Proprio quelle intese che vengono richiamate nella giurisprudenza della Corte Costituzionale, che in
particolare con la sua Sentenza CC n. 383/2005 in materia energetica ricorda come “Tali intese –
infatti - costituiscono condizione minima e imprescindibile per la legittimità costituzionale della
disciplina legislativa statale che effettui la “chiamata in sussidiarietà” di una funzione
amministrativa in materie affidate alla legislazione regionale, e quindi non sono superabili con
decisione unilaterale di una delle parti. In questi casi, pertanto, la volontà della Regione
interessata non può essere sostituita da una determinazione dello Stato.”
Si aggiunga, per completezza di informazioni, che la norma, così come concepita, costituisce un
arretramento anche rispetto all’attuale formulazione del vigente articolo 6, comma 17 del
Dlgs n. 152/2006, così come modificato dall’art. 35 del decreto legge n, 83/2012, per quel che
riguarda il coinvolgimento degli enti locali posti nel raggio di 12 miglia dalle aree protette
marine e costiere nella procedura di VIA e quindi nei procedimenti autorizzativi riguardanti
le attività offshore.
L’escamotage della strategicità, attuato anche in relazione a quanto disposto dall’art 35
(Inceneritori) e dall’art. 37 (gasdotti, rigassificatori, stoccaggi di gas), che sono anch’essi
all’attenzione delle nostre associazioni, costituisce una forzatura intollerabile e difficilmente
sostenibile.
Va valutato inoltre che il calcolo costi-benefici dell’impatto economico, sociale e ambientale
dell’operazione è assolutamente perdente per il Paese, quando si pensi che l’inquinamento
sistematico e il rischio di incidente mettono sotto scacco aree di pregio naturalistico e
paesaggistico, dove si svolgono fiorenti attività economiche legate ai settori delle pesca e del
turismo per cercare di estrarre petrolio di bassa qualità che potrebbe coprire, valutate le
riserve certe a terra e a mare, il fabbisogno nazionale per appena 13 mesi.

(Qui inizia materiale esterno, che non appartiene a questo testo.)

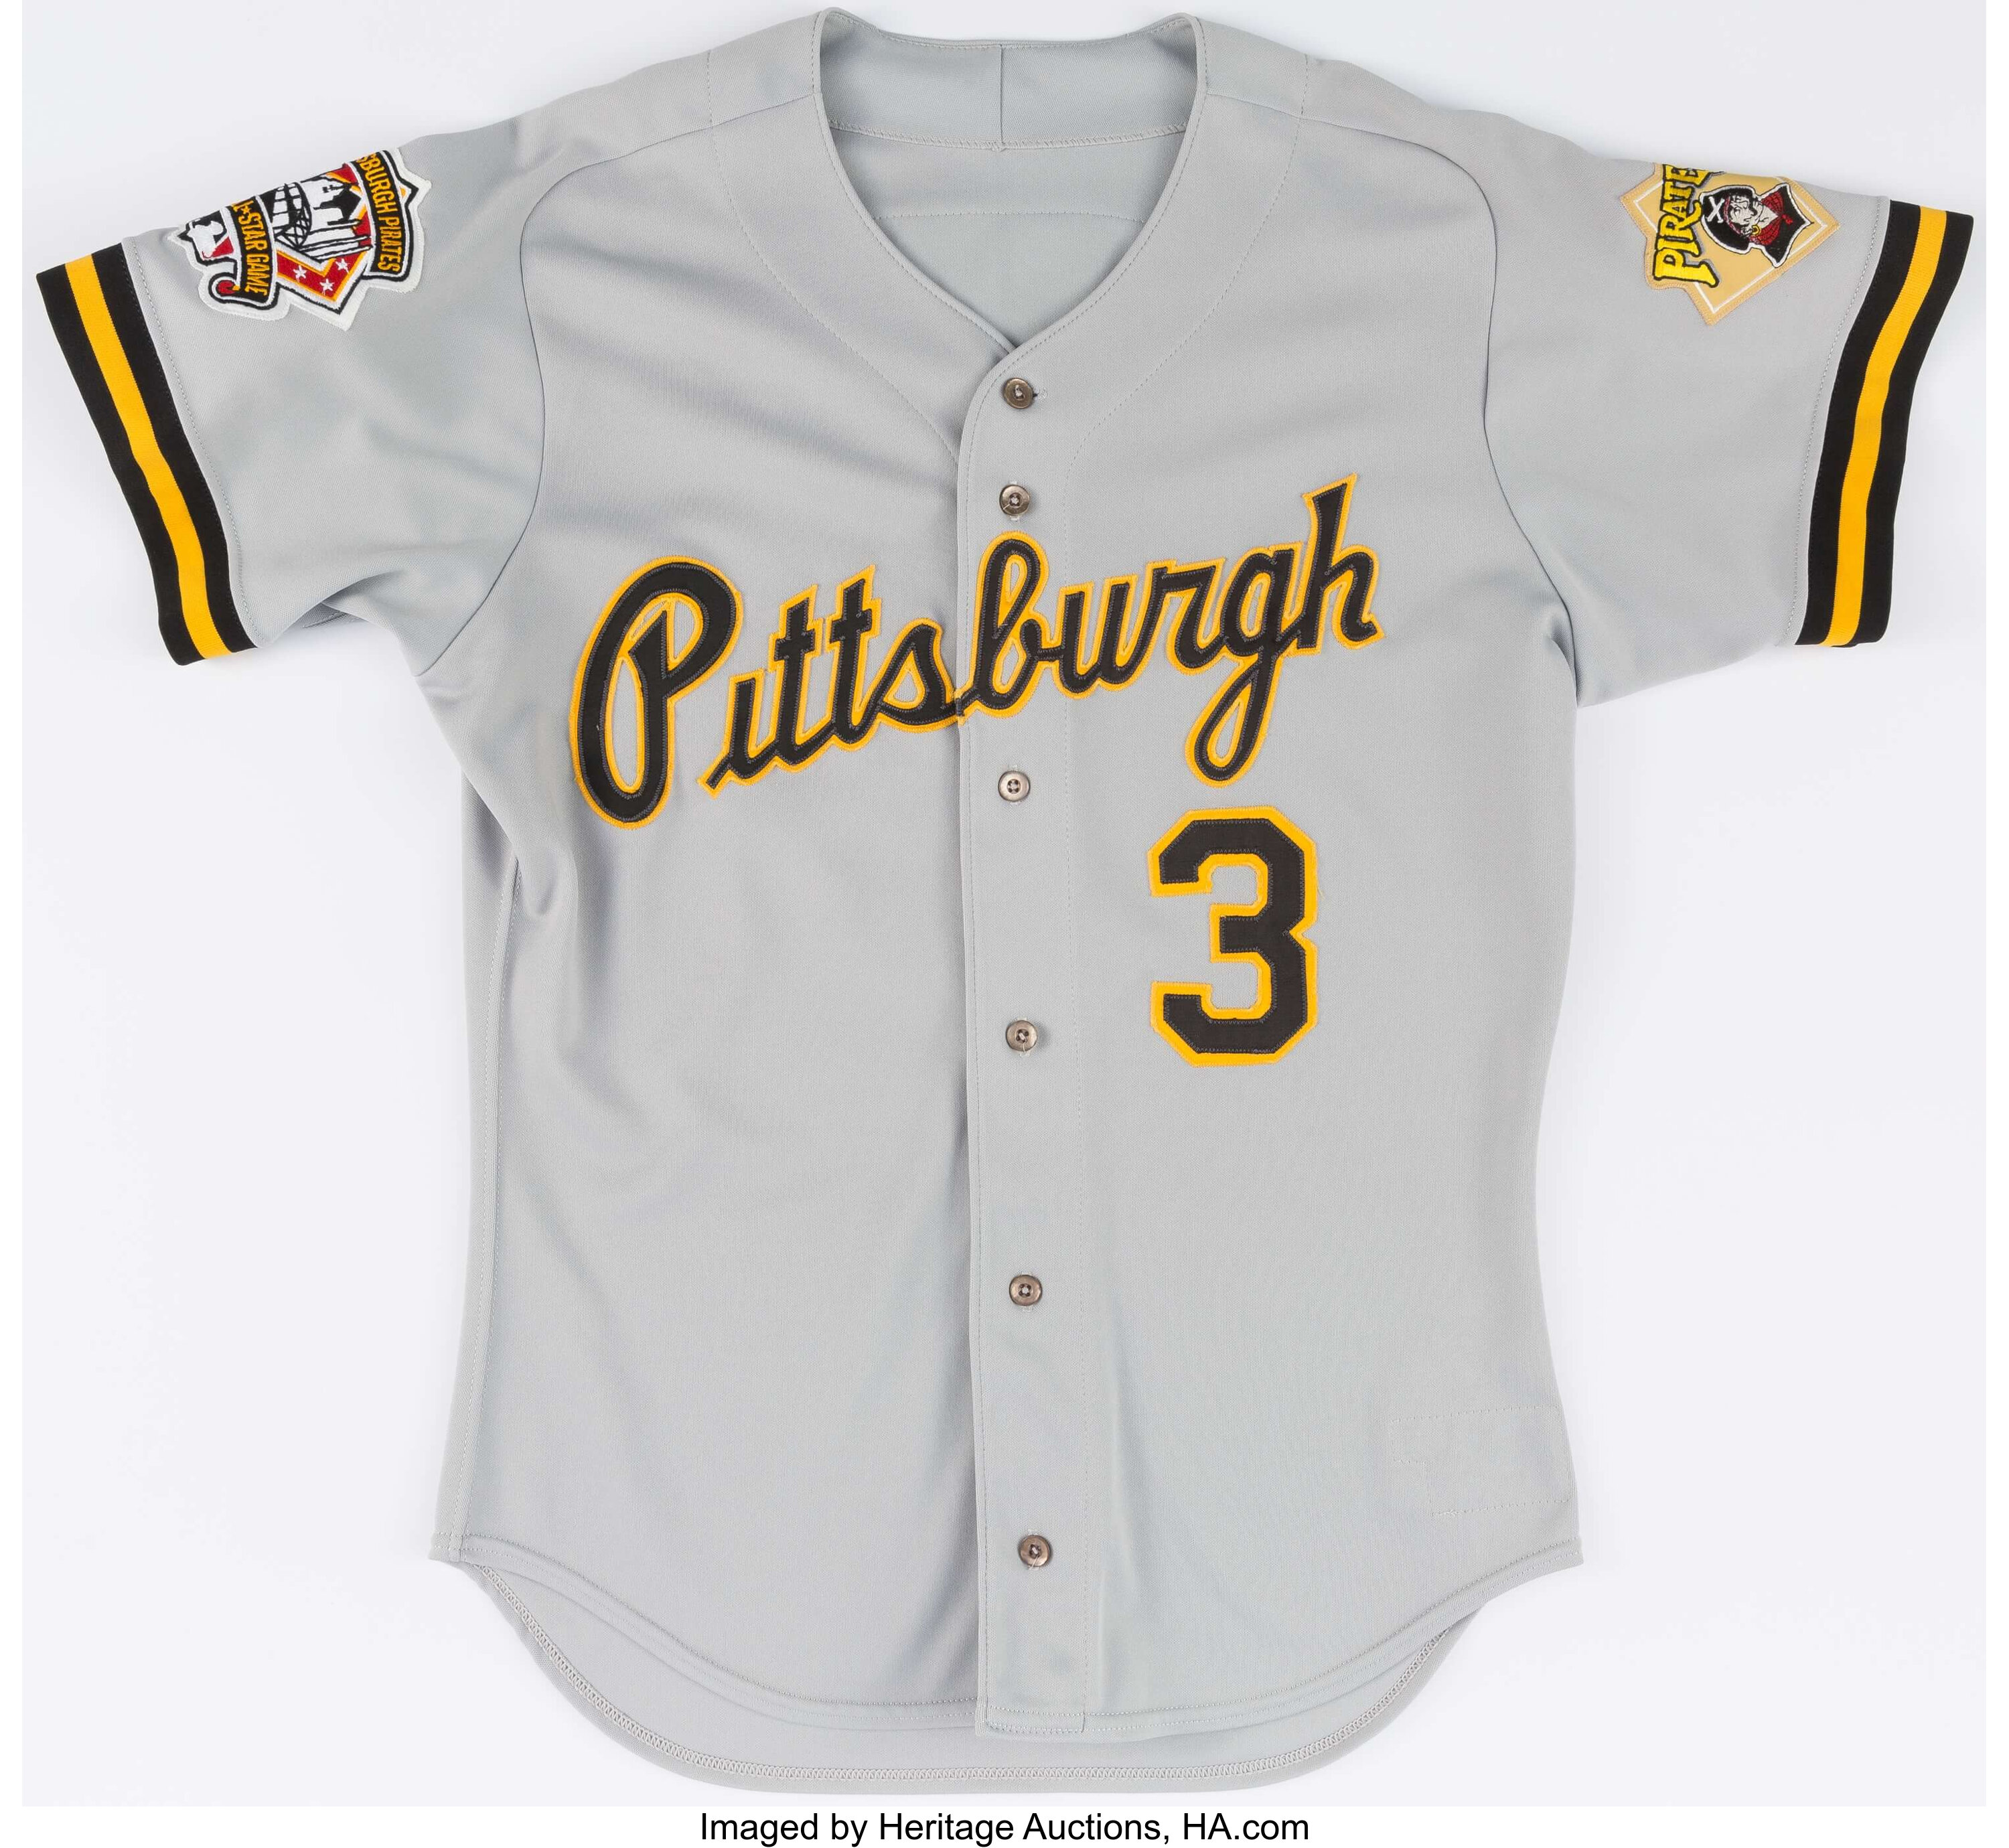 Pittsburgh Pirates Collecting Guide, Tickets, Jerseys

Sulla base delle elaborazioni del UNMIG-RA del maggio 2014, i titoli minerari- permessi di
ricerca, e concessioni di coltivazione- a terra, coprono ben 38.000 kmq, un’area grande quanto 3
volte l'Abruzzo. Da segnalare poi che, sempre a terra, sono da prevedersi a breve istanze di
permesso di ricerca che coprono un’ulteriore area di 14.000kmq. Sarebbe così ipotecato il
futuro di vastissime aree del Paese, come ad esempio in Basilicata, dove oltre la metà del
territorio sarebbe sottoposto alla servitù petrolifera. In mare l'area interessata da titoli minerari
è di 15.000 kmq, a questa si devono aggiungere i 46.000 kmq circa delle istanze di permesso di
ricerca e prospezione, localizzate in specie nel Mar Adriatico, Mar Ionio, Canale Di Sicilia, e
Mar Balearico nel quadrante nord-occidentale della Sardegna.